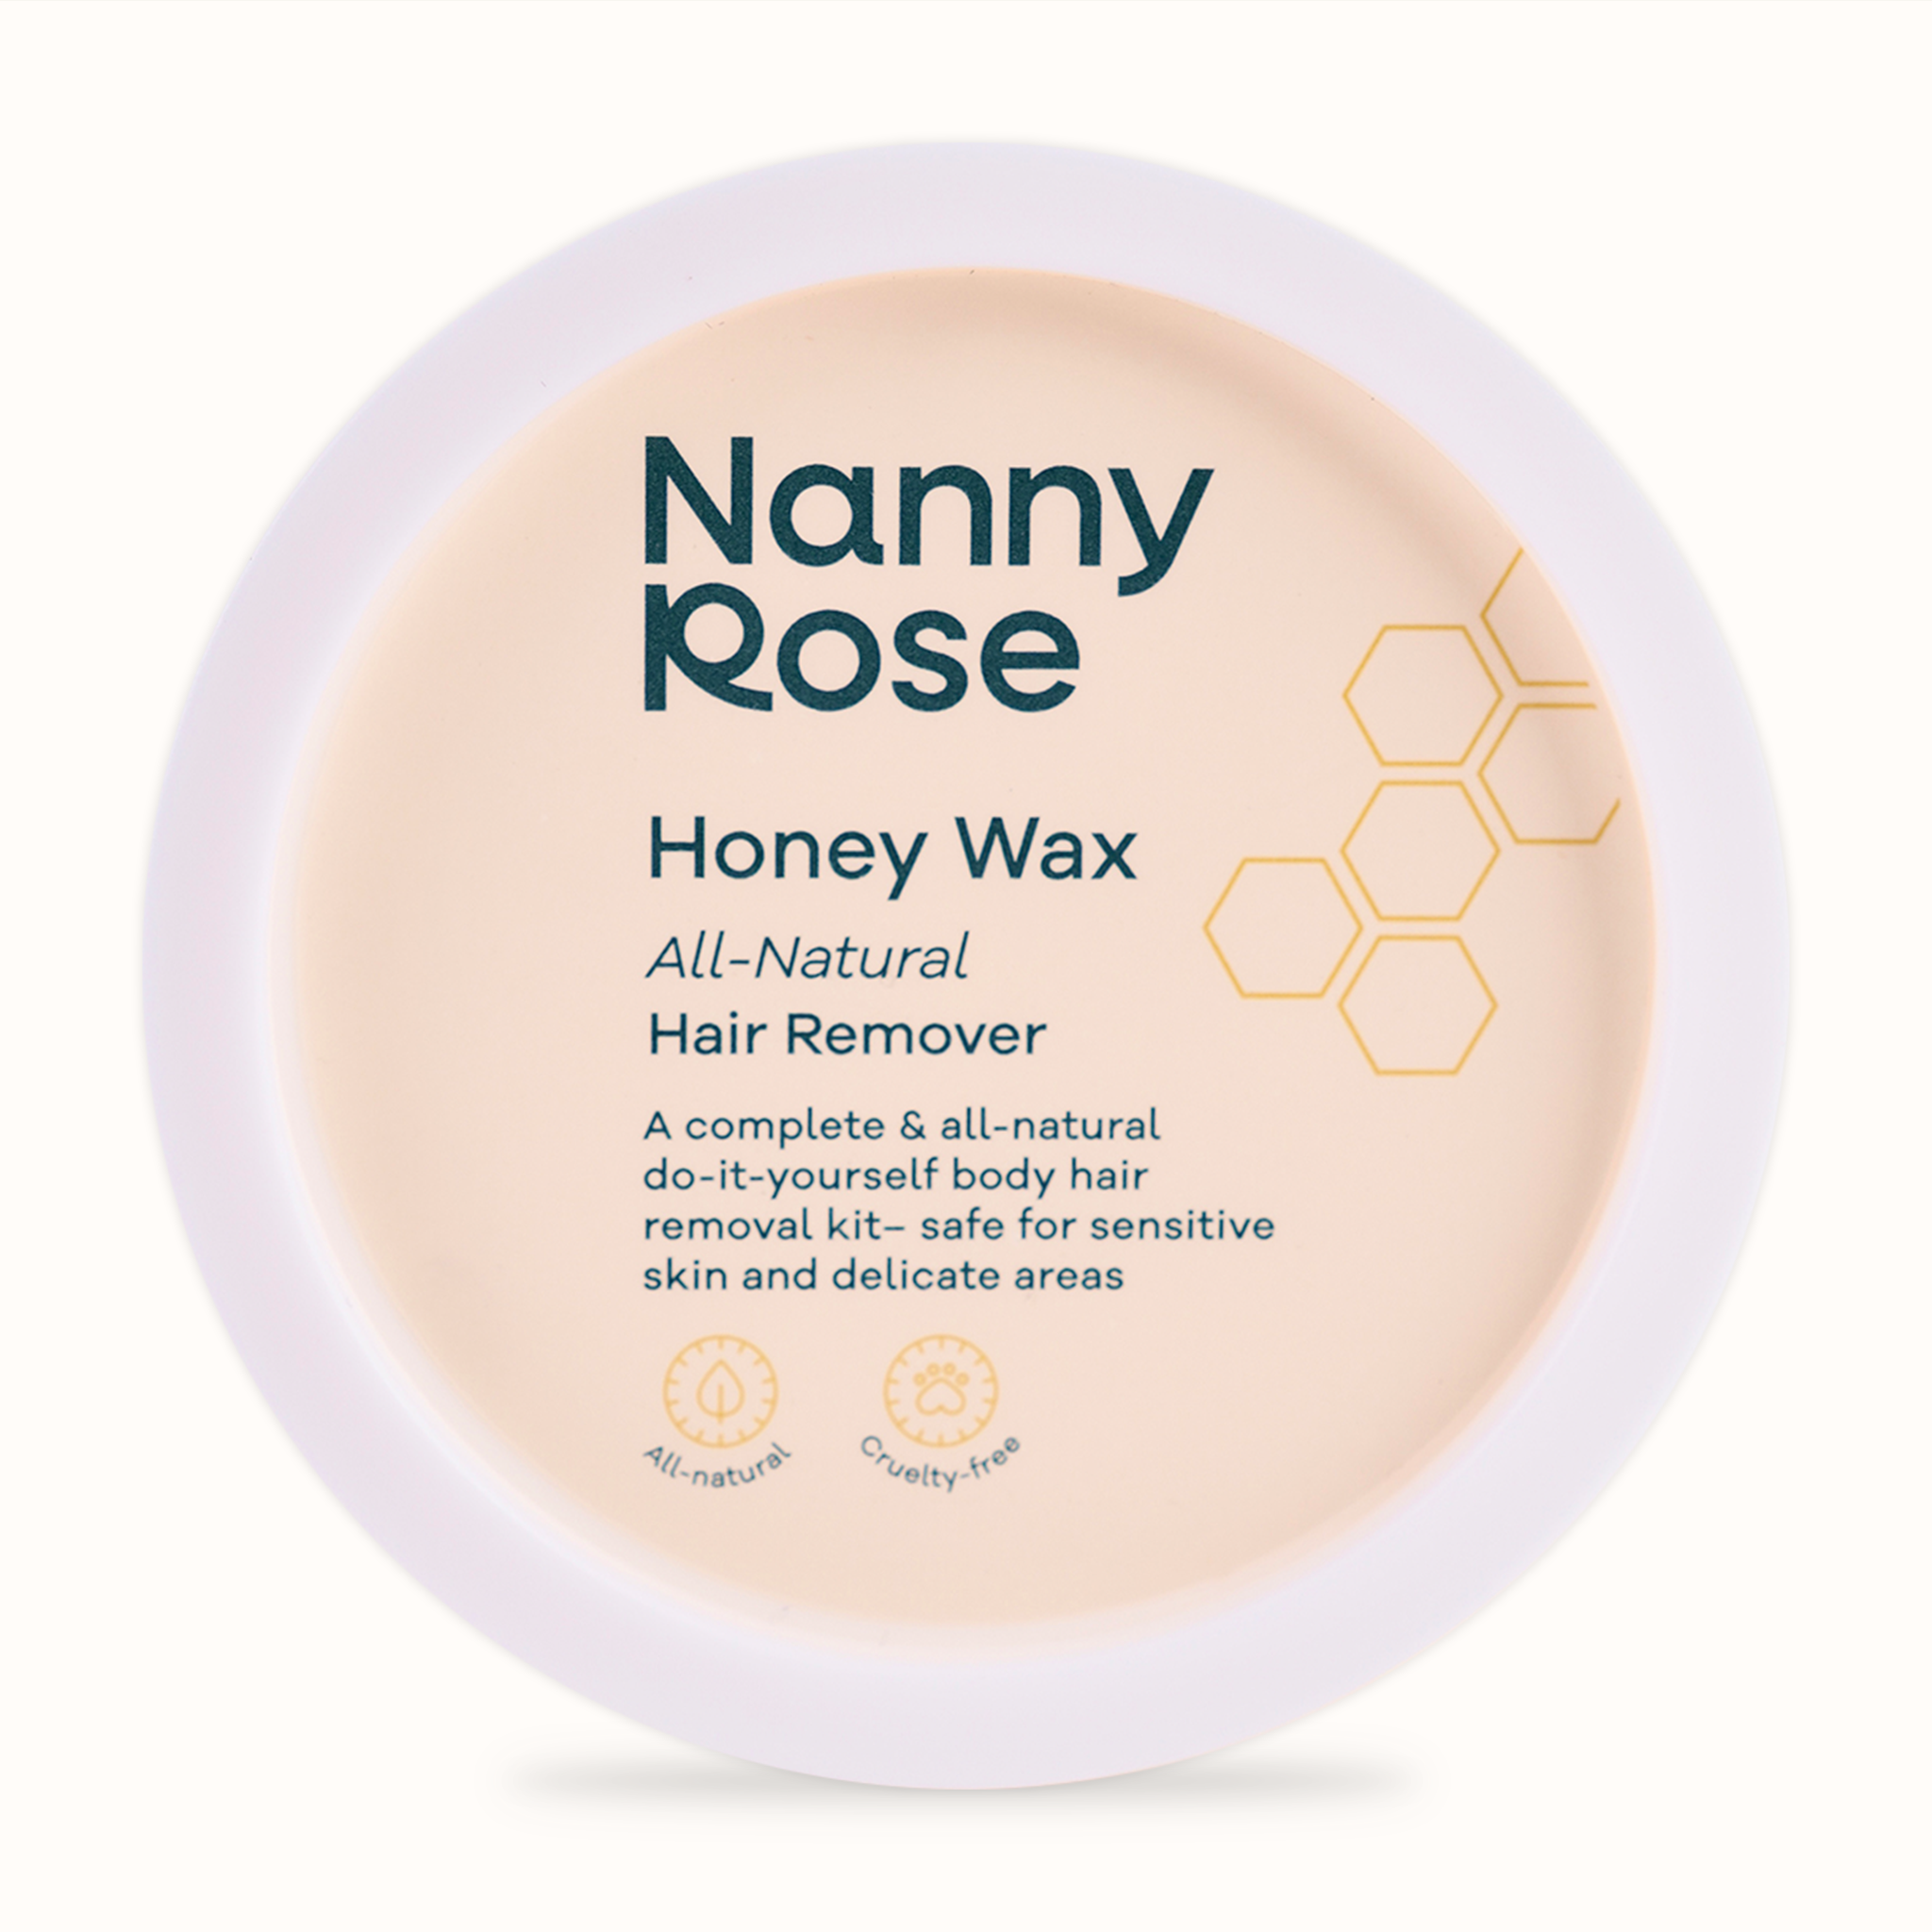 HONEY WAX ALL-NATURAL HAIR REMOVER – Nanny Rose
● ● ● ●
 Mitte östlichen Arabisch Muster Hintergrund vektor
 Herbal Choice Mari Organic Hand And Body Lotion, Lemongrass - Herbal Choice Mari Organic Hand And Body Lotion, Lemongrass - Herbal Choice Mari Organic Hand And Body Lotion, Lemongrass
● ● ● ●
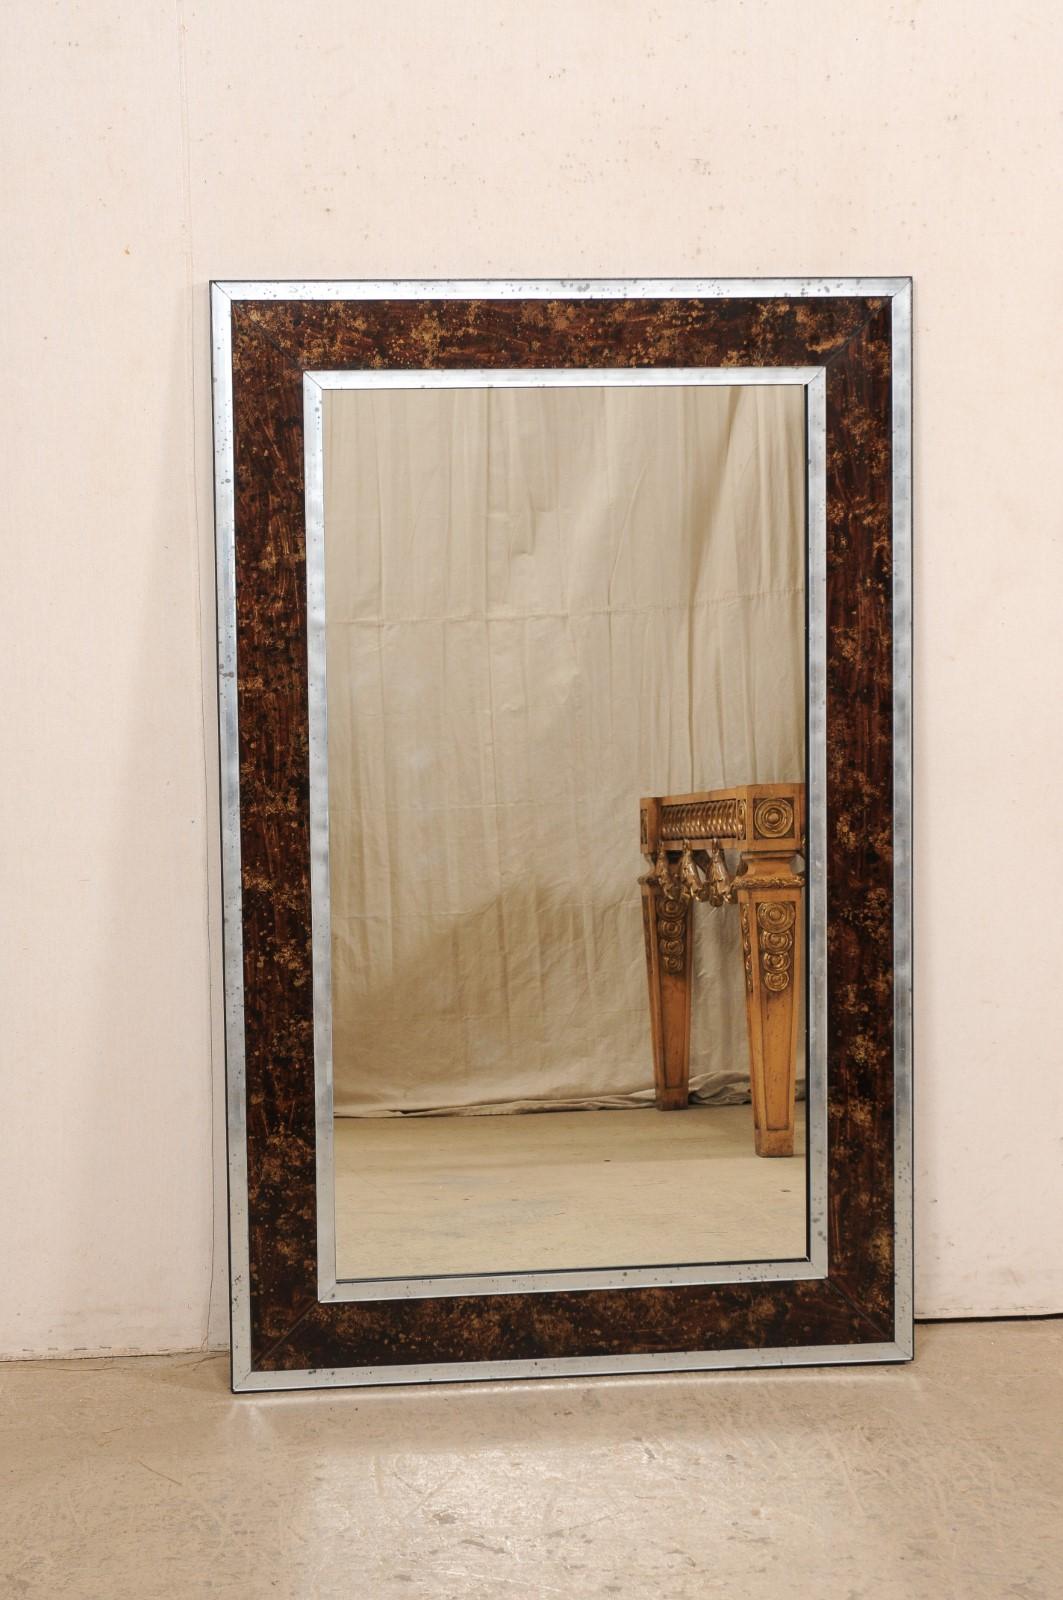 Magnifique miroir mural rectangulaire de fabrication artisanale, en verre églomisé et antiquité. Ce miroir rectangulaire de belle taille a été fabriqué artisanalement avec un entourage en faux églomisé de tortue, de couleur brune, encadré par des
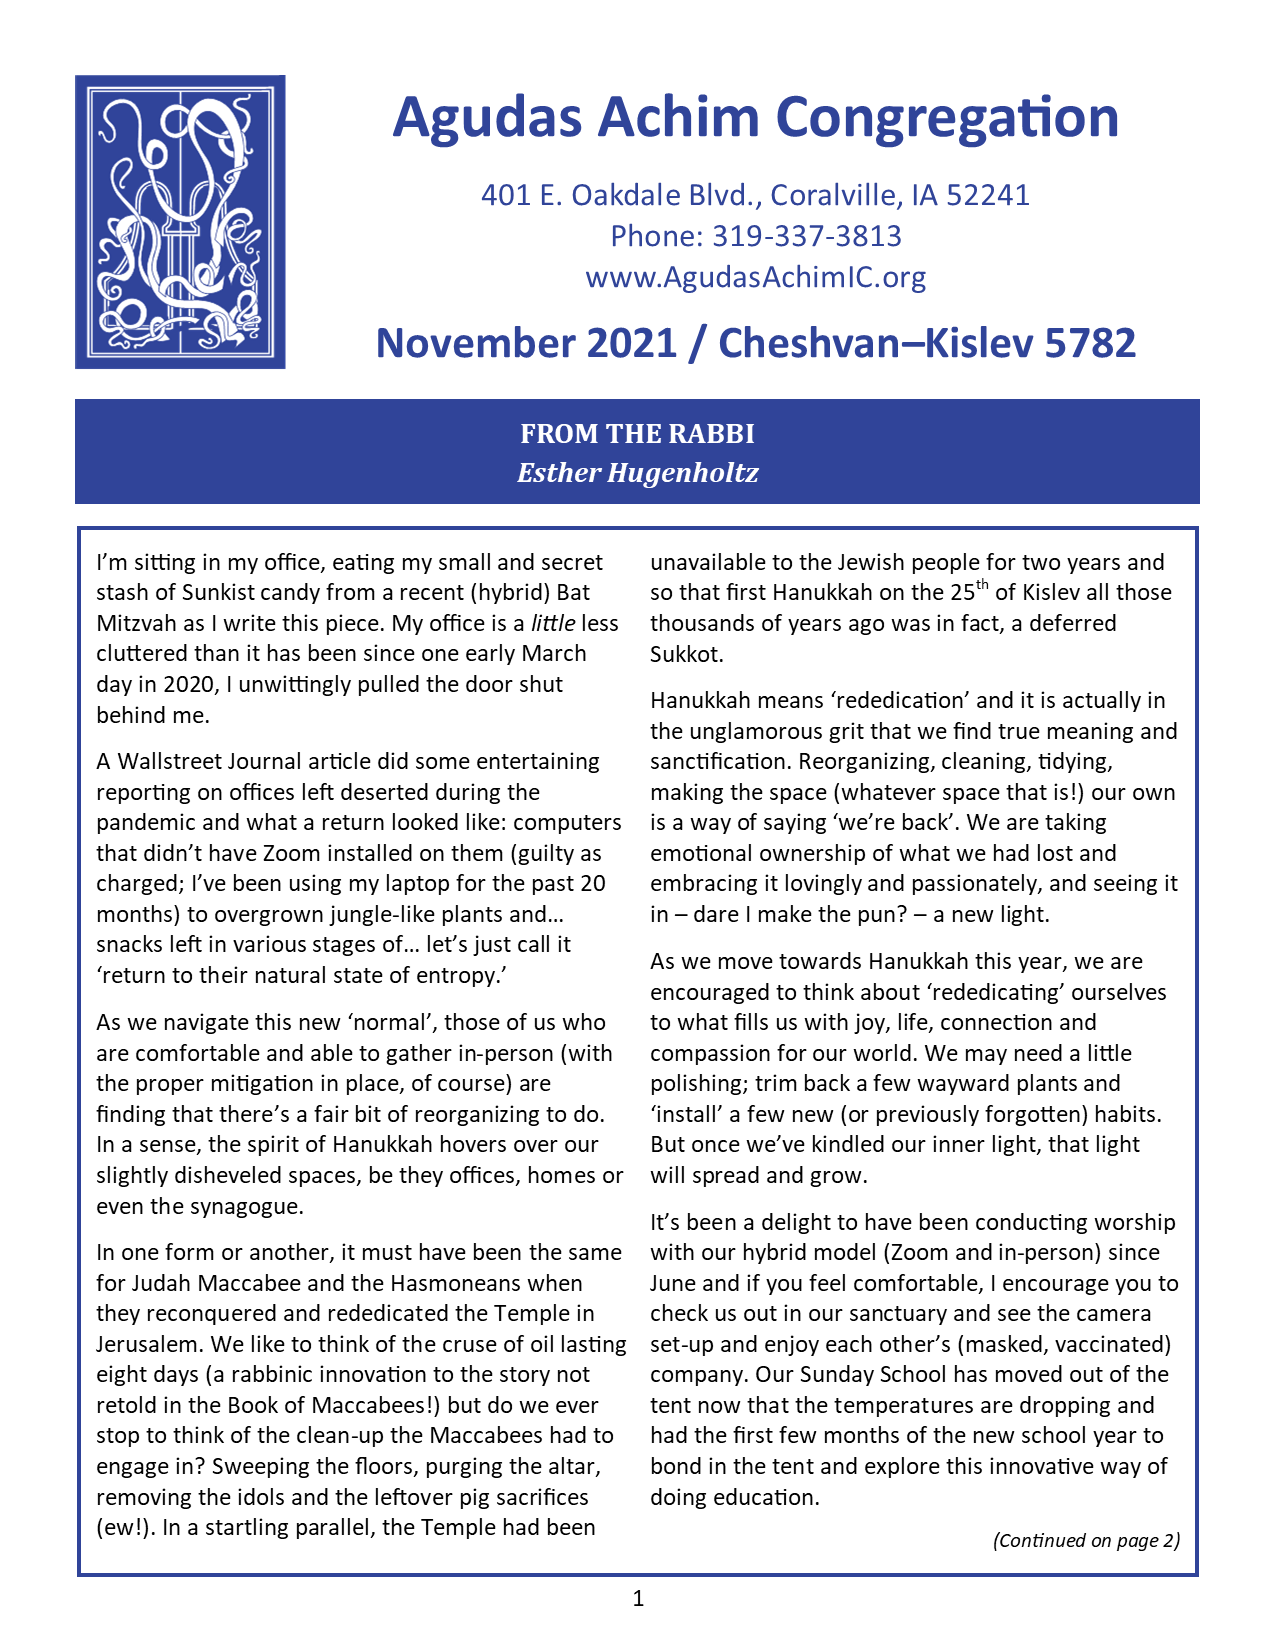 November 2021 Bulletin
● ● ● ●
> Task to complete
Look above and copy only the lines from the one holding "Magnifique miroir mural" to the one holding "November 2021 Bulletin", both included, exactly, minus the pictures.

> Task result
 Magnifique miroir mural rectangulaire de fabrication artisanale, en verre églomisé et antiquité. Ce miroir rectangulaire de belle taille a été fabriqué artisanalement avec un entourage en faux églomisé de tortue, de couleur brune, encadré par des
 November 2021 Bulletin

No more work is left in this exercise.